A Developmental Switch of AMPA Receptor Subunits in Neocortical Pyramidal Neurons

• Published in: The Journal of neuroscience Vol. 22; no. 8; pp. 3005 - 3015
• Main Authors: Kumar, Sanjay S, Bacci, Alberto, Kharazia, Viktor, Huguenard, John R
• Format: Journal Article
• Language: English
• Published: United States Soc Neuroscience 15.04.2002; Society for Neuroscience
• Subjects: Aging - metabolism; Animals; Biogenic Polyamines - metabolism; Biogenic Polyamines - pharmacology; Calcium - metabolism; Cell Membrane Permeability - physiology; Electric Stimulation; Excitatory Postsynaptic Potentials - drug effects; Excitatory Postsynaptic Potentials - physiology; In Vitro Techniques; Neocortex - cytology; Neocortex - growth & development; Neocortex - metabolism; Neuronal Plasticity - physiology; Patch-Clamp Techniques; Protein Subunits; Pyramidal Cells - drug effects; Pyramidal Cells - metabolism; Rats; Rats, Sprague-Dawley; Reaction Time - physiology; Receptors, AMPA - deficiency; Receptors, AMPA - metabolism; Synapses - metabolism; Synaptic Transmission - physiology
• ISSN: 0270-6474; 1529-2401; 1529-2401
• DOI: 10.1523/jneurosci.22-08-03005.2002

AMPA receptors mediate most of the fast excitatory neurotransmission in the brain, and those lacking the glutamate receptor 2 (GluR2) subunit are Ca(2+)-permeable and expressed in cortical structures primarily by inhibitory interneurons.

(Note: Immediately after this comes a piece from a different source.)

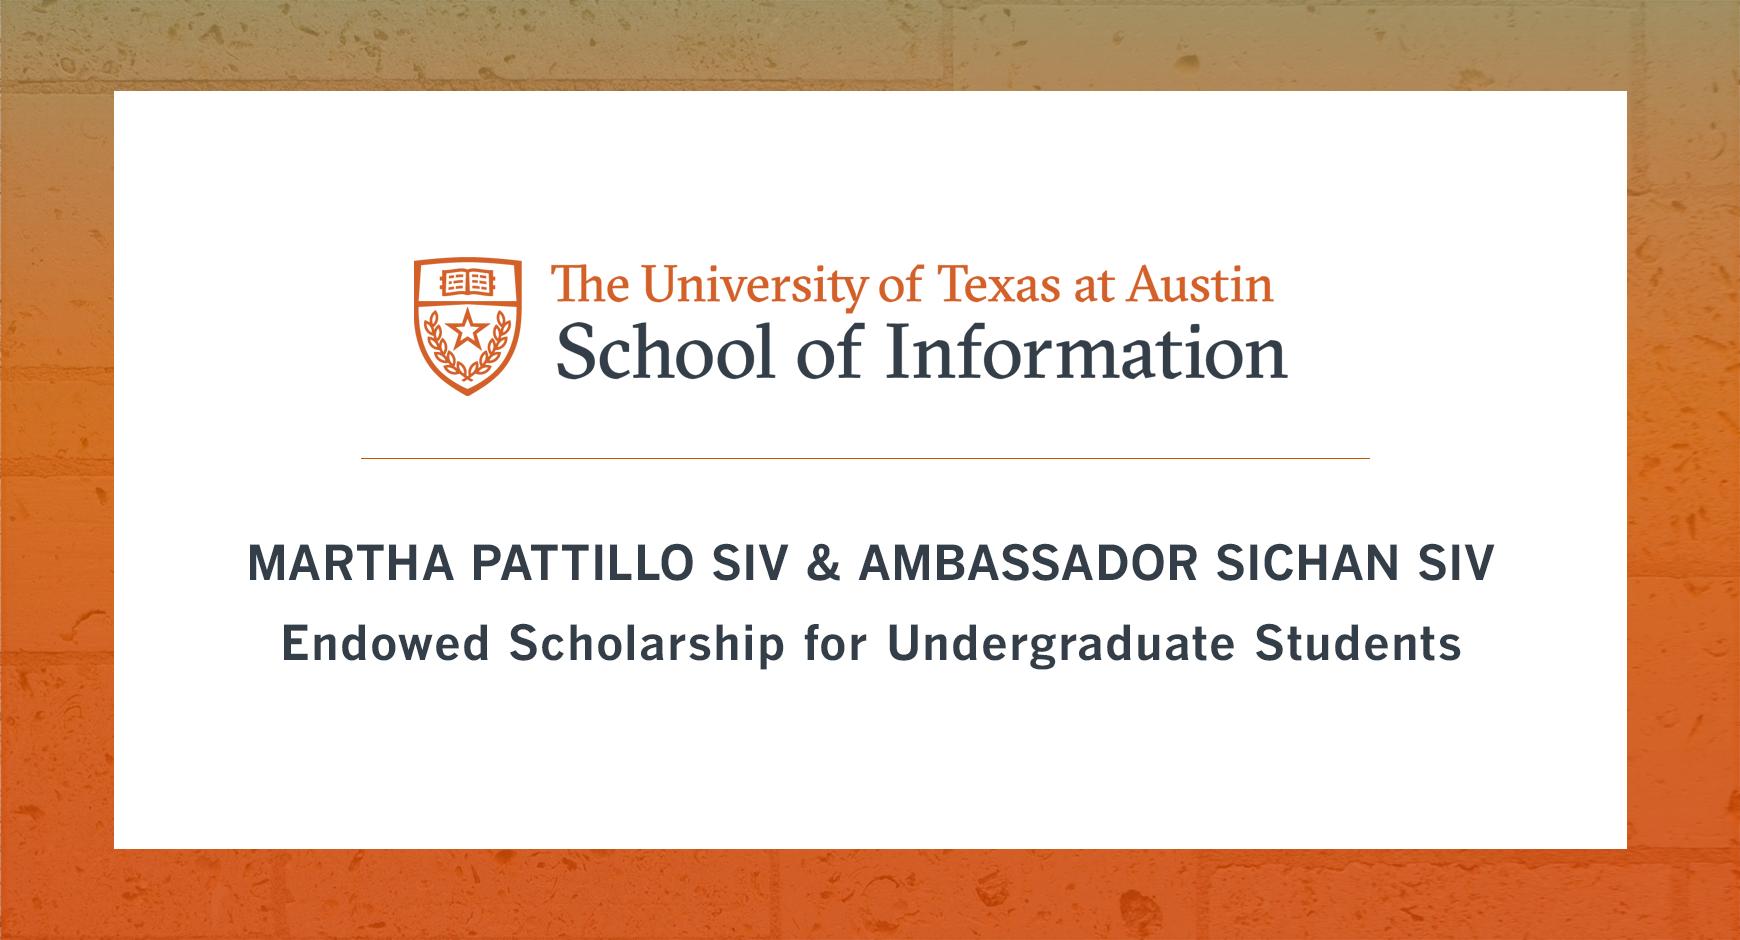 Martha Pattillo Siv and Ambassador Sichan Siv Endowed Scholarship

Here we report that synaptic AMPA receptors of excitatory layer 5 pyramidal neurons in the rat neocortex are deficient in GluR2 in early development, approximately before postnatal day 16, as evidenced by their inwardly rectifying current-voltage relationship, blockade of AMPA receptor-mediated EPSCs by external and internal polyamines, permeability to Ca(2+), and GluR2 immunoreactivity. Overall, these results indicate that neocortical pyramidal neurons undergo a developmental switch in the Ca(2+) permeability of their AMPA receptors through an alteration of their subunit composition. This has important implications for plasticity and neurotoxicity.